Multiple Outputs Example

outputs:
- name: trained_model
description: The trained machine learning model
type: Model

- name: metrics
description: Training and validation metrics
type: Metrics

- name: visualization
description: Performance visualization plots
type: HTML

- name: model_metadata
description: Model configuration and parameters
type: Data

Define Container Implementation

The implementation section specifies how to execute your component. It includes the container image and the command to run.
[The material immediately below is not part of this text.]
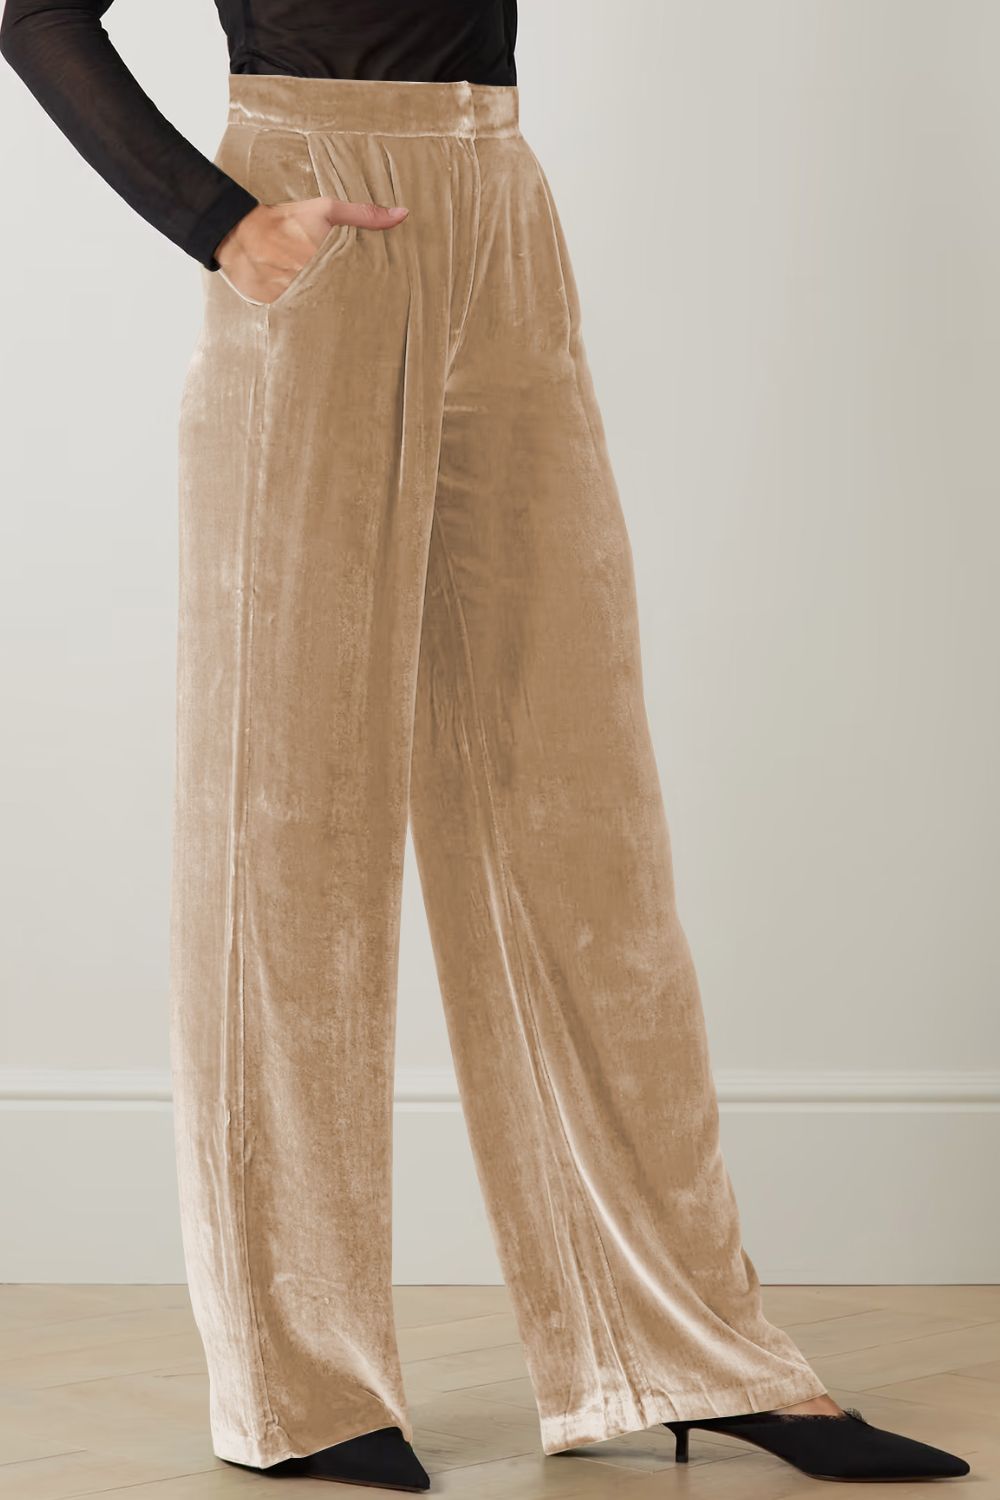 Loose Fit High Waist Long Pants with Pockets - Bottoms - Pants - 19 - 2024

Basic Container Implementation

implementation:
container:
image: gcr.io/my-project/data-processor:v1.0.0
command: ["python", "/app/process.py"]

Container with Input/Output Placeholders

The command section uses placeholders that are replaced at runtime with actual values:

implementation:
container:
image: gcr.io/my-project/ml-trainer:v1.0.0
command:
[
"python",
"/app/train.py",
"--training-data",
{ inputPath: training_data },
"--validation-data",
{ inputPath: validation_data },
"--learning-rate",
{ inputValue: learning_rate },
"--batch-size",
{ inputValue: batch_size },
"--model-output",
{ outputPath: trained_model },
"--metrics-output",
{ outputPath: metrics },
]

Understanding Placeholders

There are three types of placeholders you can use in the command:

  1. {inputValue: <input-name>} - Replaced with the actual value of the input

    command: [
    "python",
    "script.py",
    "--threshold",
    { inputValue: threshold }, # Becomes "--threshold", "0.5"
    ]
  2. {inputPath: <input-name>} - Replaced with the file path to the input data

    command: [
    "python",
    "script.py",
    "--input-file",
    { inputPath: dataset }, # Becomes "--input-file", "/path/to/dataset"
    ]
  3. {outputPath: <output-name>} - Replaced with the path where output should be written

    command: [
    "python",
    "script.py",
    "--output-file",
    { outputPath: results }, # Becomes "--output-file", "/path/for/results"
    ]
tip

The placeholder names must exactly match the input/output names defined in your component's interface.

Container with Arguments

Sometimes you need to separate the command from its arguments:

implementation:
container:
image: gcr.io/my-project/processor:v1.0.0
command: ["python", "/app/main.py"]
args:
[
"--mode",
{ inputValue: processing_mode },
"--input",
{ inputPath: input_data },
"--output",
{ outputPath: output_data },
]

Container with Environment Variables

You can also pass inputs through environment variables:

implementation:
container:
image: gcr.io/my-project/analyzer:v1.0.0
command: ["./analyze.sh"]
env:
- name: INPUT_PATH
value: { inputPath: input_data }
- name: OUTPUT_PATH
value: { outputPath: results }
- name: PROCESSING_THREADS
value: { inputValue: num_threads }
- name: DEBUG_MODE
value: "false"

Component Specification

Regardless of the implementation language, all components share the same YAML specification format.